Furthermore, the law only applies if the borrower is a natural person and the credit is taken for private use.

== Content of the contract ==
The consumer credit agreement is subject to rather strict formal requirements (art. 9). It must in any case be in writing and contain the net amount and the APR, which are the total costs for the borrower and other possible expenses. The planned repayment period with the respective monthly installments must also be given. The contract must also contain a passage allowing the borrower to repay the full amount under interest reduction. The possibility of revocation must also be mentioned in the contract.

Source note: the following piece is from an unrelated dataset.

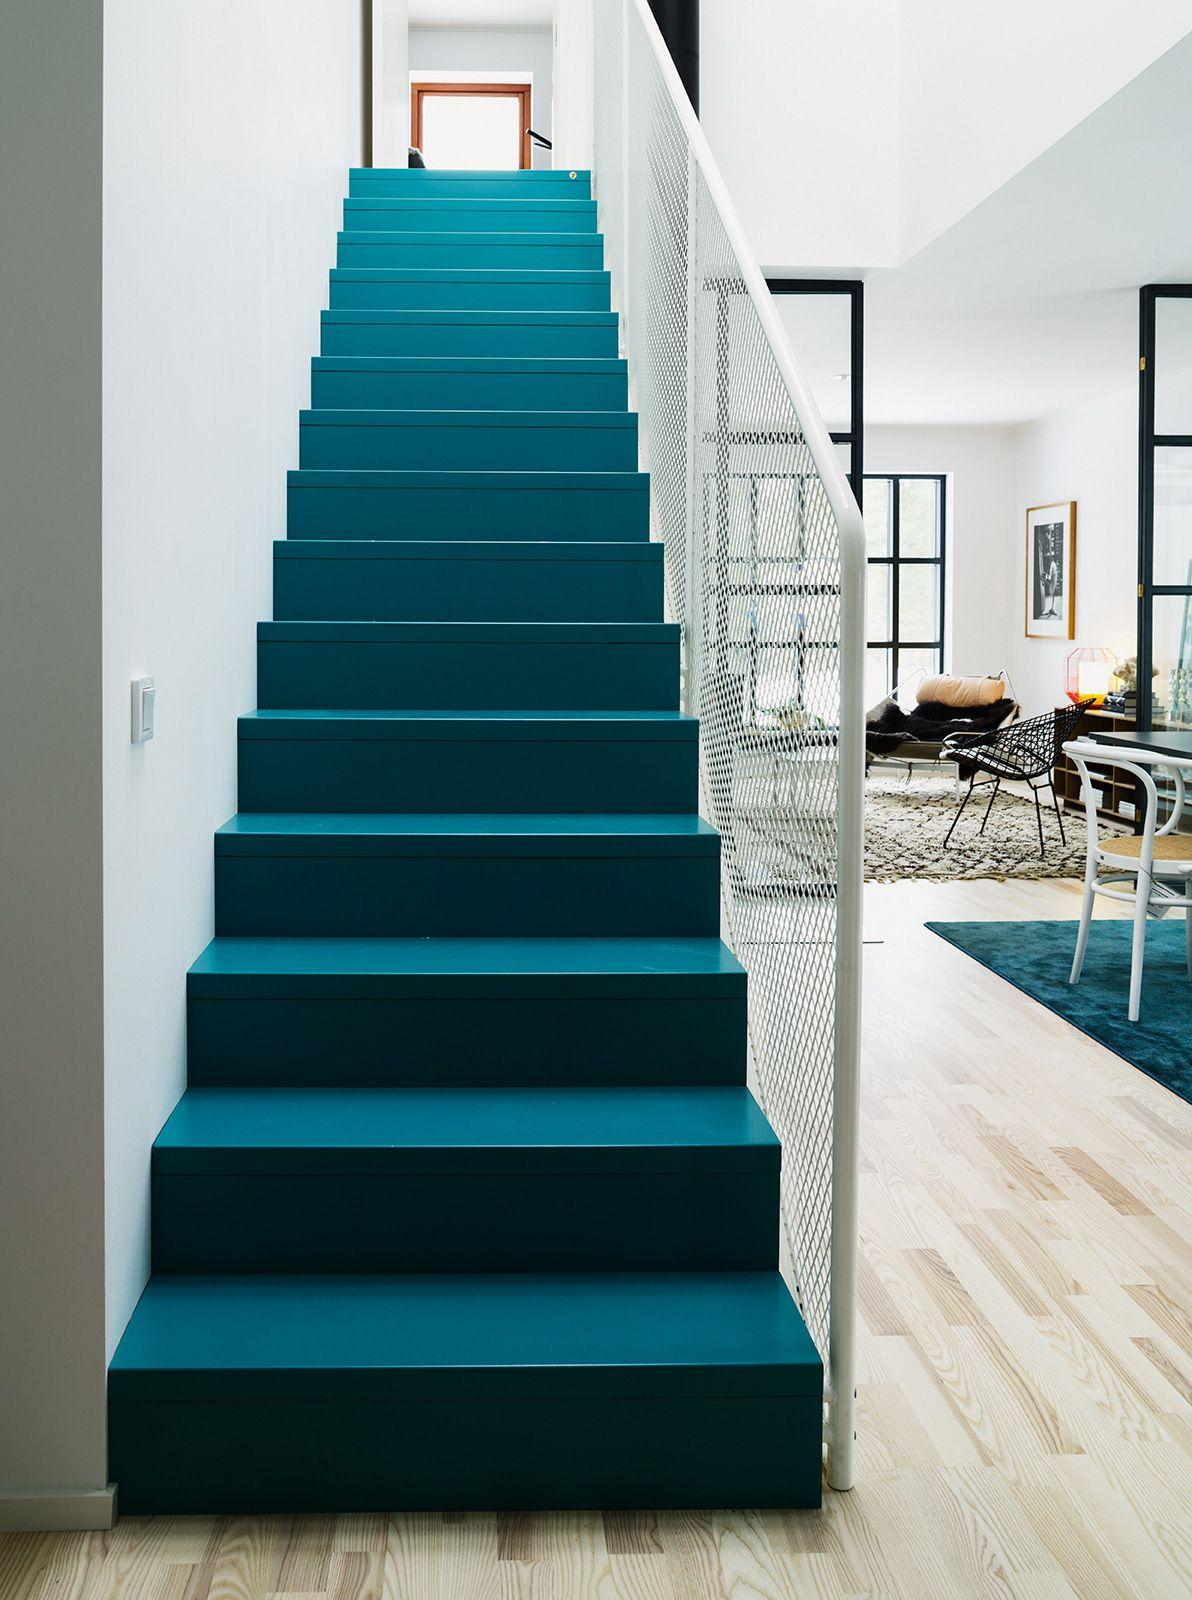 Mooie kleur voor de trap op BG.

Additional requirements apply to the consumer credit agreement (art. 10) and the leasing agreement (art. 11). An immediate repayment for example is not possible at any time, but on the contrary, in case of termination of the contract, the borrower owes money to the lessor for this termination.

== Creditworthiness ==
The examination of the consumer's creditworthiness is mandatory (Art. 28). A consumer is considered solvent if the monthly payment does not exceed the seizable part of the income. In this case, a repayment in a maximum of 36 months is assumed. The maximum credit amount is determined by law, which is why the seizable portion of the income is multiplied by 36.

== Borrower's right of revocation ==
The borrower may revoke a bank overdraft in writing within 14 days of receiving the copy of the contract intended. The borrower has no right of revocation if he/she tacitly accepts bank overdrafts.

== Maximum interest rate ==
The maximum interest rate has been reduced from 15% to 10%. The new maximum interest rate of 10% above the SARON 3-month rate (SAR3MC) has been in force since 1 July 2016.

== Duty to report ==
The law stipulates that the lender must report the consumer credit or leasing agreement granted to the information centre (Art. 25). In the case of accounts linked to a credit card or a customer card with a credit option, the obligation to report only applies from an outstanding amount of CHF 3,000 (Art. 27).

== Credit brokering ==
A licence is required for commercial credit brokering in Switzerland (Art. 39). This is issued by the canton in which the credit broker has its headquarters. Credit brokers are prohibited from charging brokerage or processing fees.

== Unfair Competition Act ==
In addition to the Federal Consumer Credit Act, Articles 3k-n of the Unfair Competition Act also apply. In particular Article 3n, which prescribes that the granting of credit is prohibited if it leads to the consumer becoming over-indebted.